WHAT TO WORK ON
Your job with the data below: print everything from the line that holds "Weekly menu chart" down to the line that holds "Rothco Spraying and Praying Morale Patch", ends included, exactly, and nothing else.

EXTRACTED ENTRIES
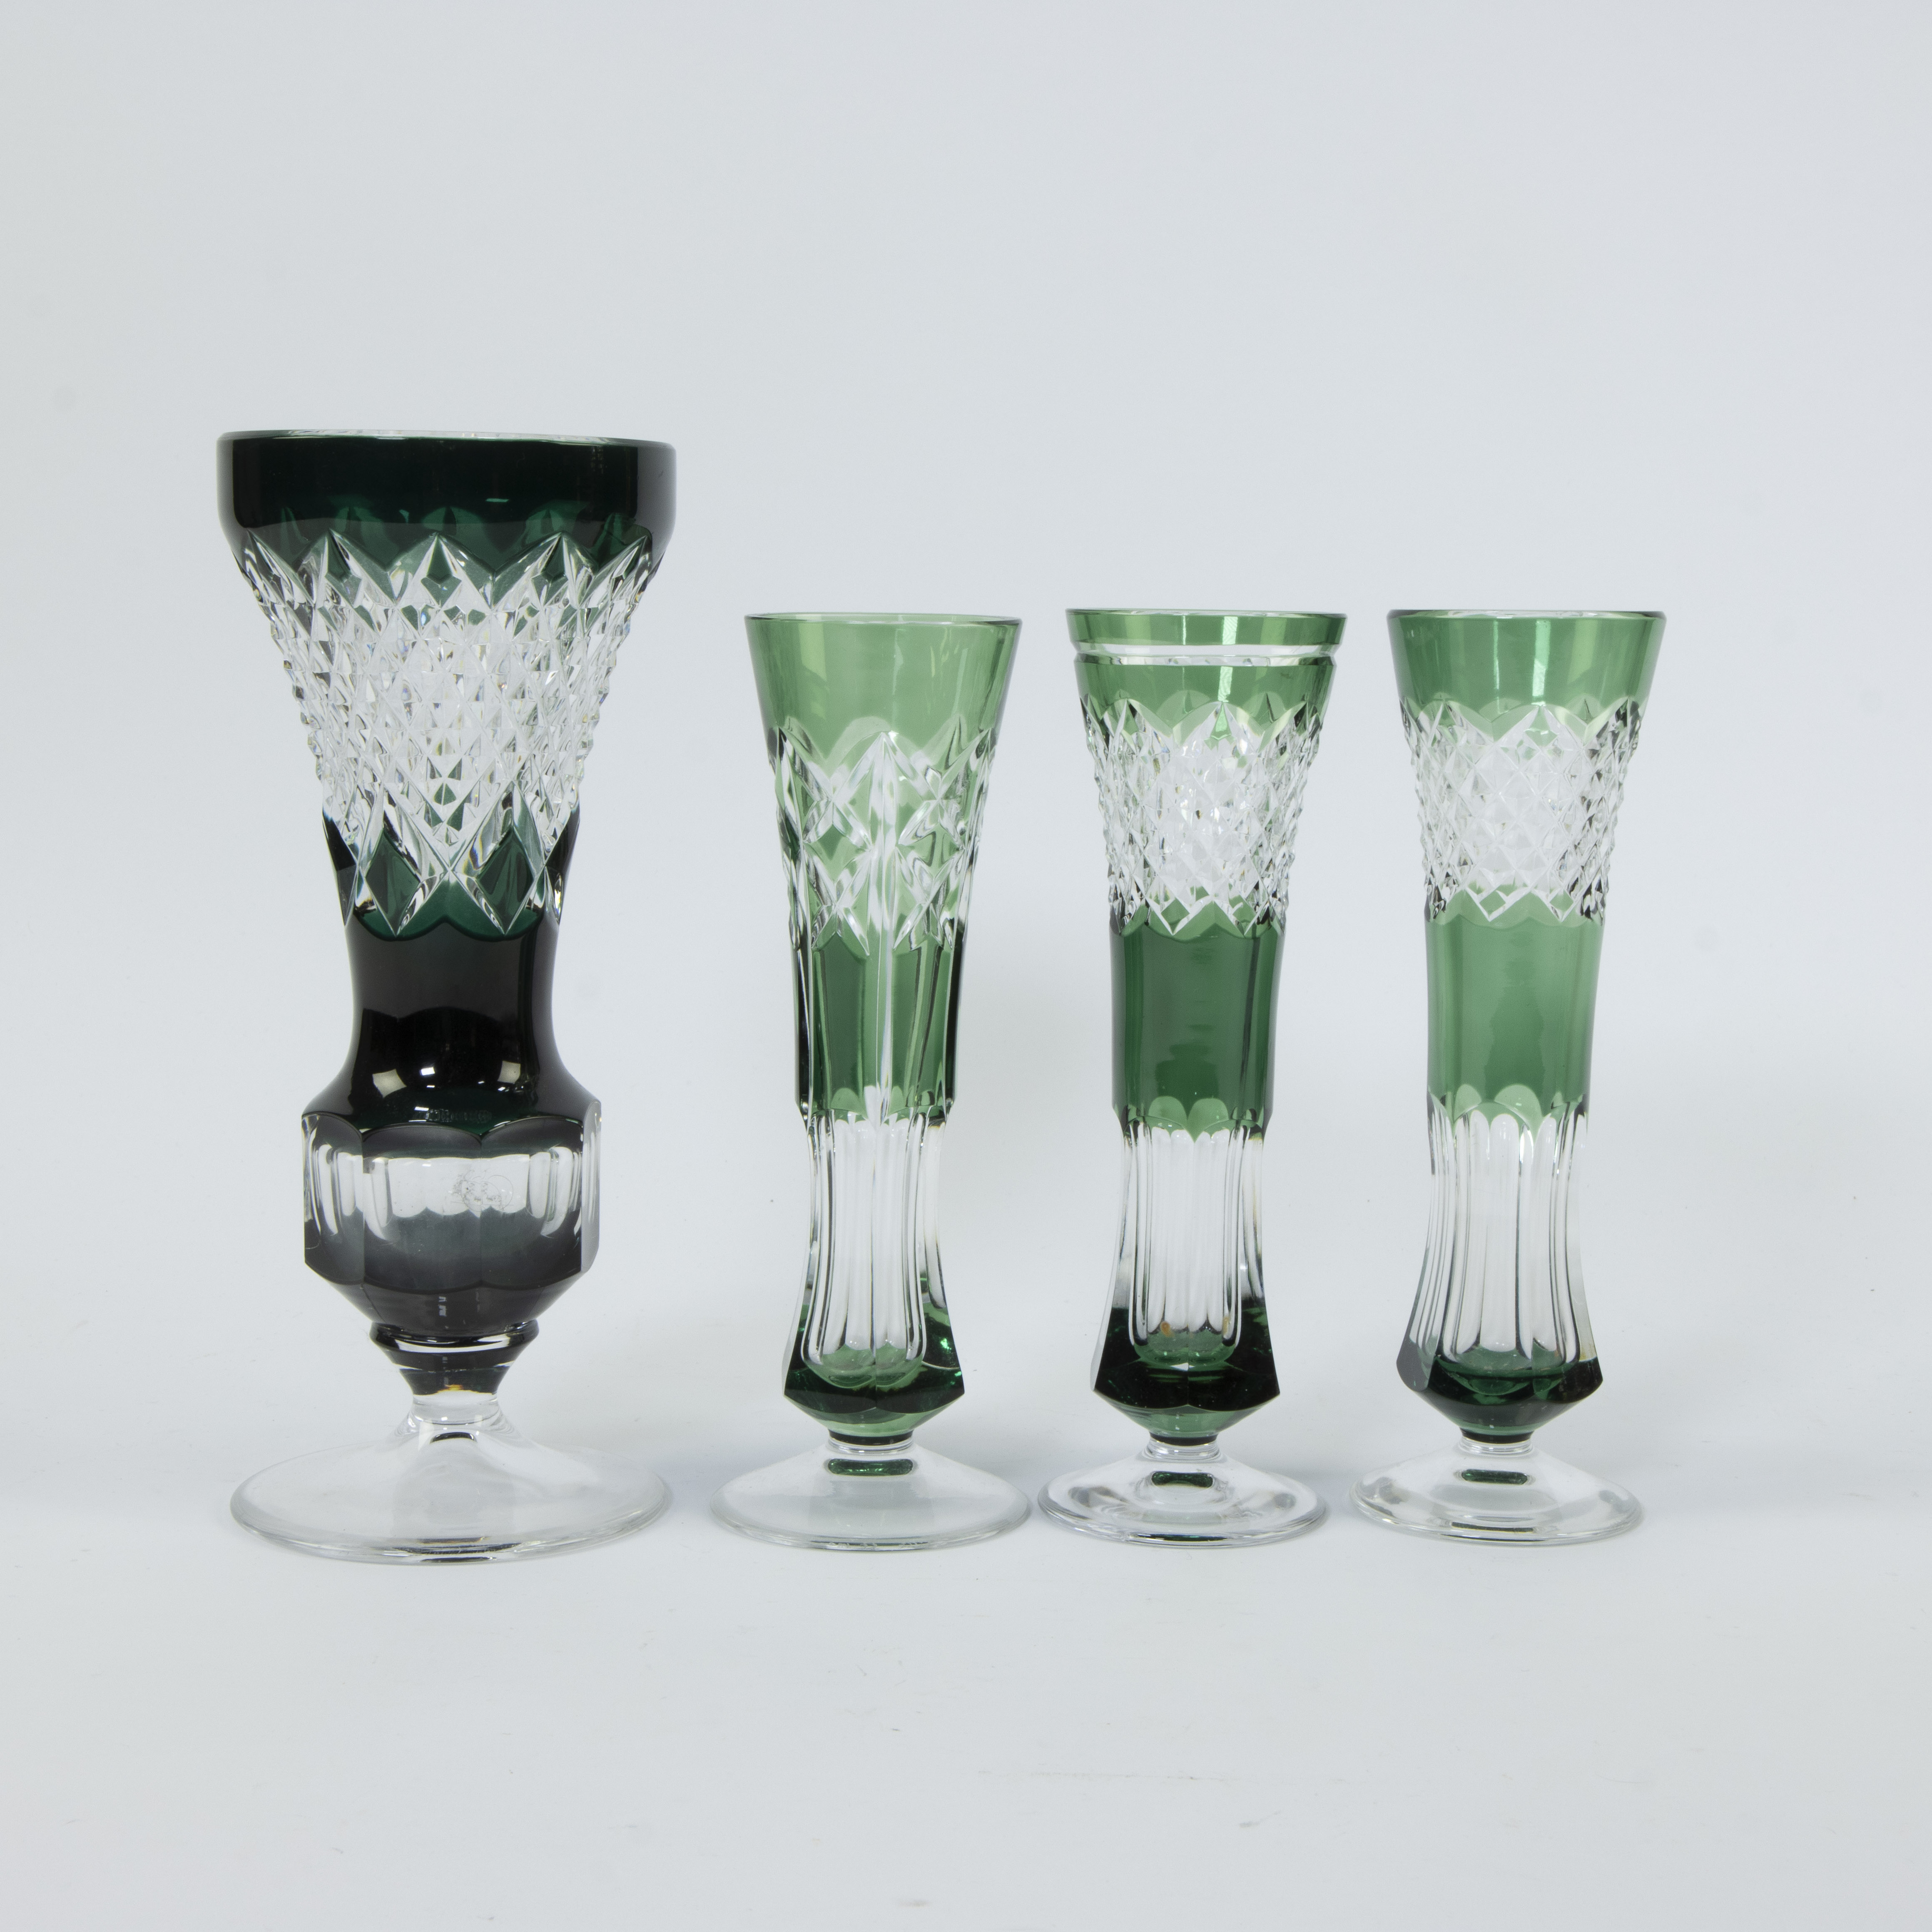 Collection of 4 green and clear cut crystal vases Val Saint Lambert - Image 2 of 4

...

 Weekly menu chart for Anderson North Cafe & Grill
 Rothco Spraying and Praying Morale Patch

ANSWER FOR THE TASK
 Weekly menu chart for Anderson North Cafe & Grill
 Rothco Spraying and Praying Morale Patch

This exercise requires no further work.